RESCUE teams were this morning sifting through rubble to try to reach dozens of people believed trapped after a 7.2-magnitude earthquake struck Turkey.
The Interior Minister said the death toll in the powerful quake has increased to 217.
Rescue teams worked throughout the night searching for survivors, as aid groups scrambled to set up tents, field hospitals and kitchens to assist thousands left homeless.
Interior Minister Idris Naim Sahin said about 80 multistory buildings collapsed in the eastern city of Ercis alone when the earthquake struck yesterday.
He said some 40 buildings had people trapped inside, giving rise to fears that the death toll could rise substantially.
"Rescue work is ongoing, especially at buildings where (rescuers) have determined survivors," Mr Sahin said.
The hardest-hit area was Ercis, a city of 75,000 close to the Iranian border and in one of Turkey's most earthquake-prone zones. The city of Van, about 90 kilometres south of Ercis, also sustained substantial damage. Highways in the area caved in.
Mr Sahin said 117 people were killed in Ercis and another 100 died in Van while some 740 people were injured.
US scientists recorded more than 100 aftershocks in eastern Turkey within 10 hours of the quake, including one with a magnitude of 6.0.
Residents spent the night outdoors and lit campfires, while the Red Crescent began setting up tents in a stadium.
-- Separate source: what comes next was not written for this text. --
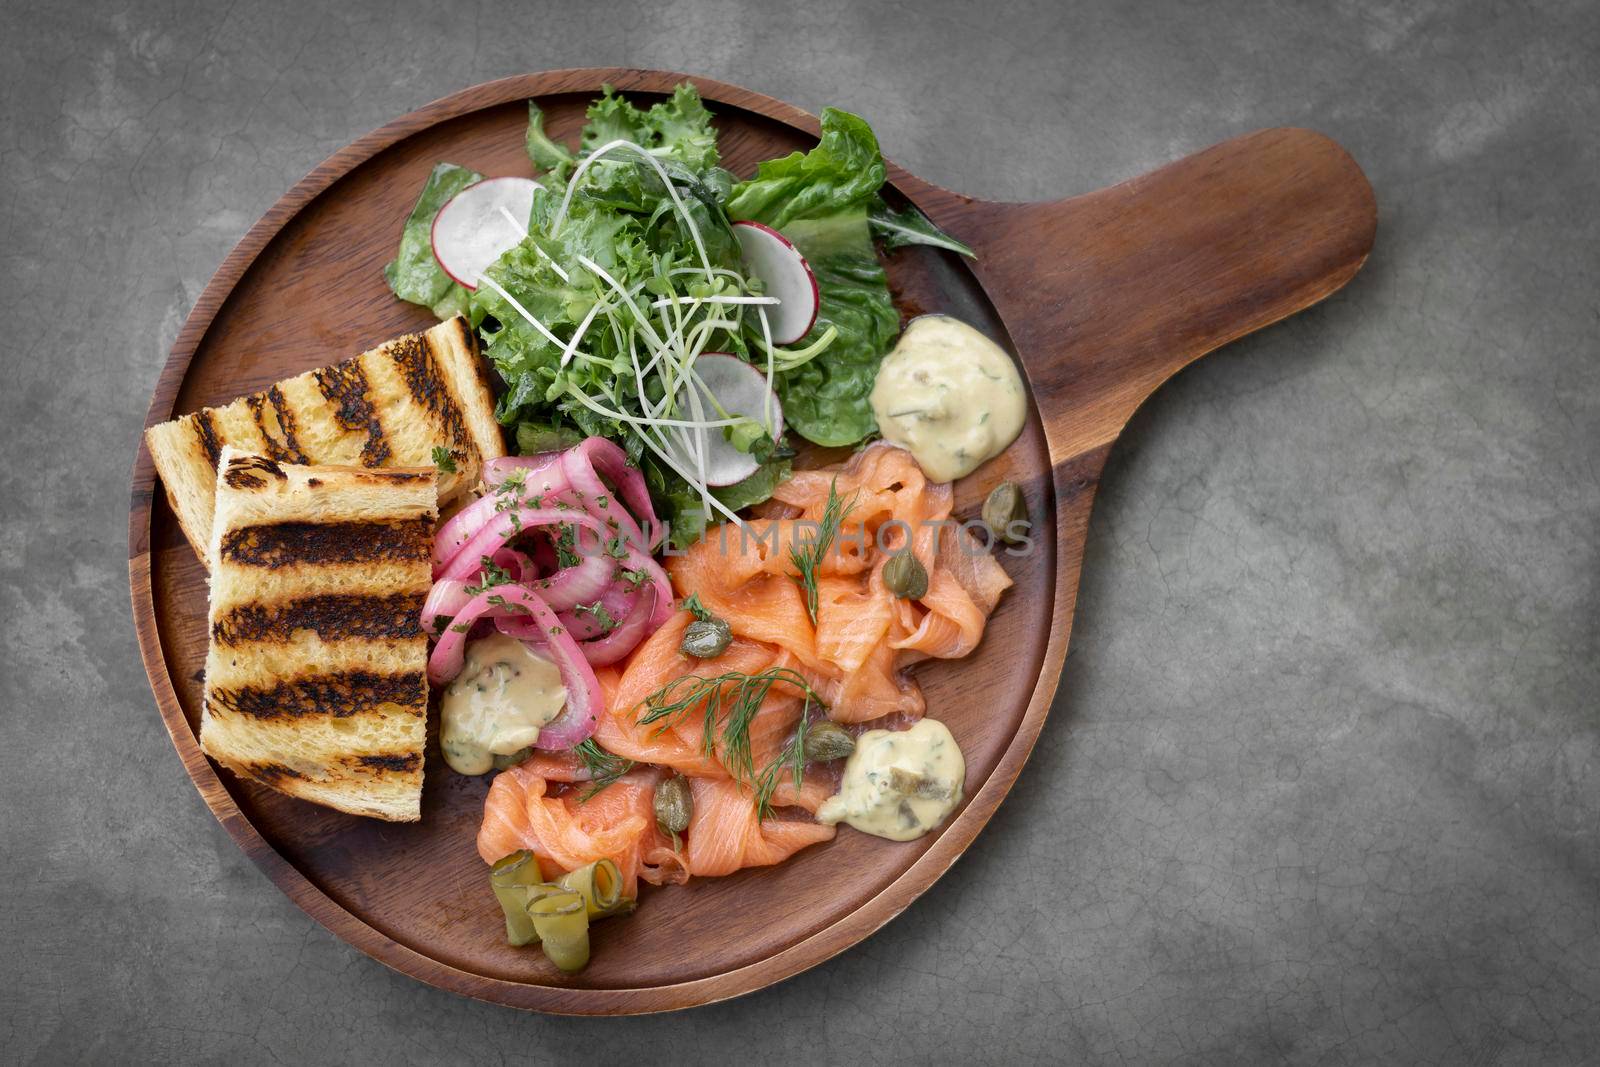 smoked salmon gourmet scandinavian food appetizer platter in sweden restaurant by jackmalipan

Others sought shelter with relatives in nearby villages.
Around 1,275 rescue teams from 38 provinces were being sent to the region, officials said, and troops were also assisting search-and-rescue efforts.
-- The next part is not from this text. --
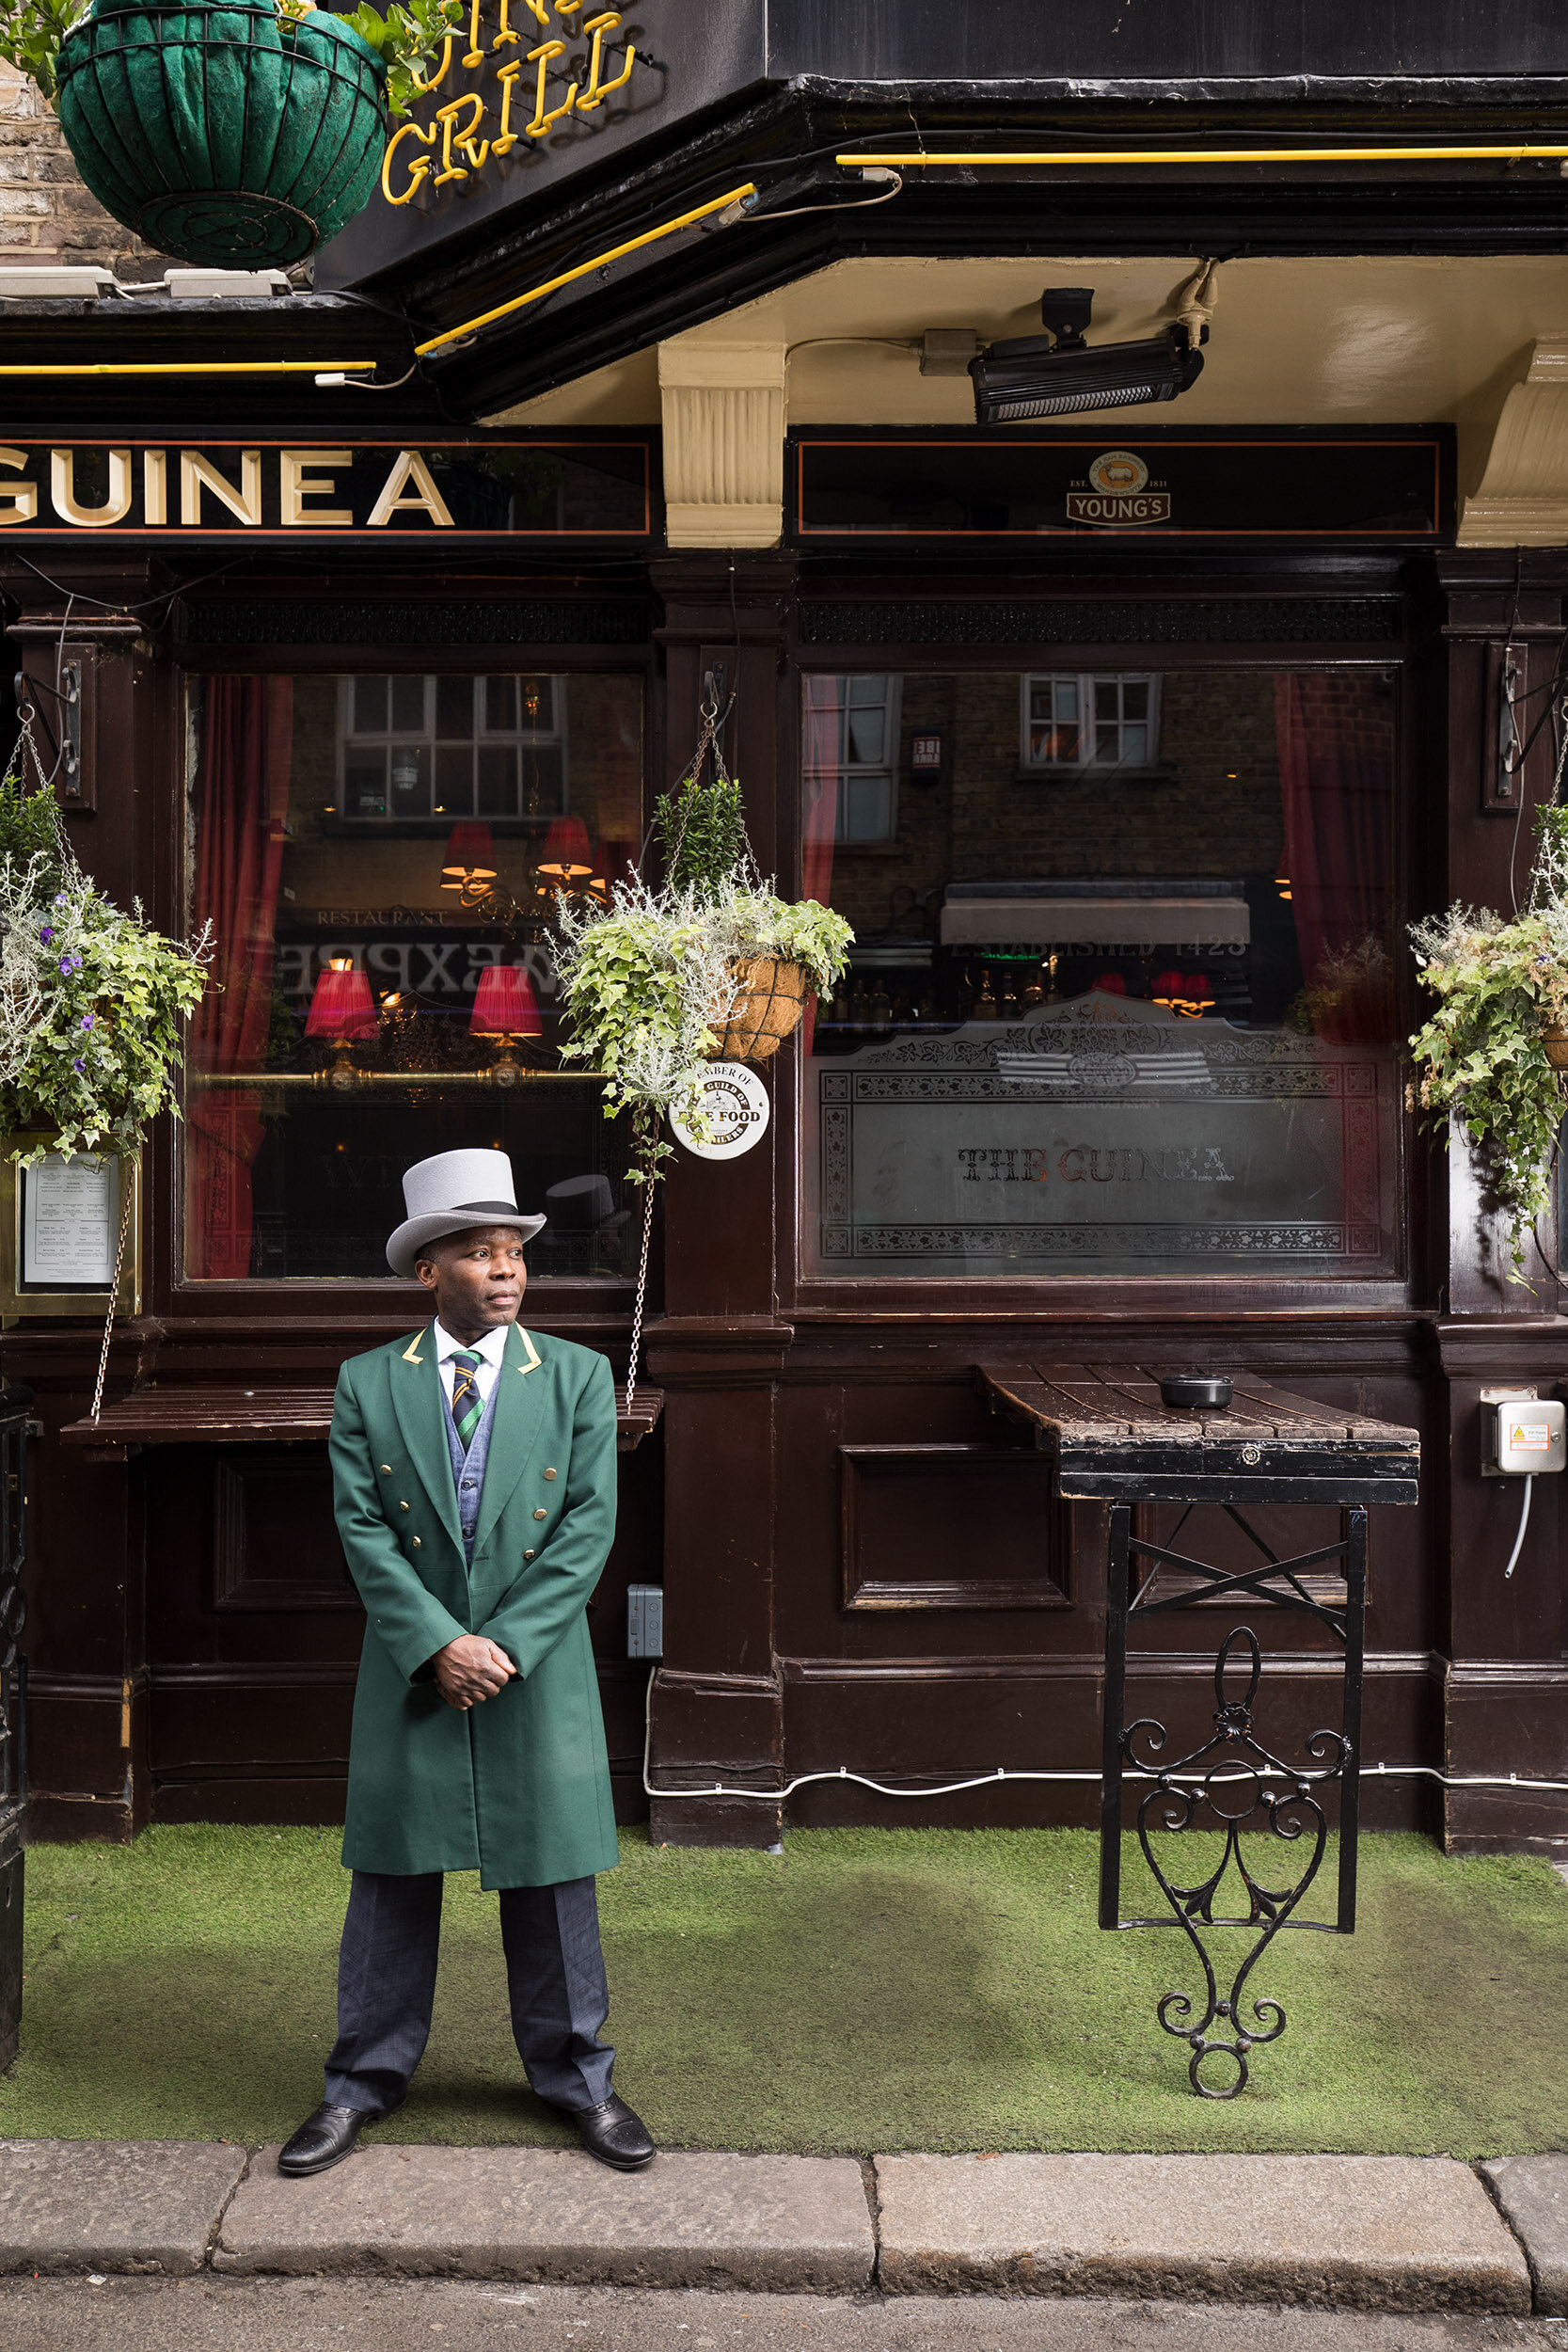 (Guinea Grill) Long Service: London

Meanwhile, Ireland has offered humanitarian aid.
Tanaiste Eamon Gilmore said the Irish Aid Rapid Response Corps is on standby to deploy to the region.
Emergency supplies from Irish Aid's humanitarian stockpiles in Brindisi, Italy, and Dubai have also been offered.
"It is imperative that the humanitarian response operation be rapid and effective to keep the death toll to an absolute minimum," he said.
"While Turkey has enormous experience in responding to crises of this nature, I have asked officials in the Department of Foreign Affairs and Trade to assess how Ireland can contribute to the relief effort," said Mr Gilmore.
"In particular we are ready to deploy members of the Irish Aid Rapid Response Corps to Turkey to work with agencies engaged in the operation. We are also prepared to carry out an airlift of emergency supplies from our stockpiles."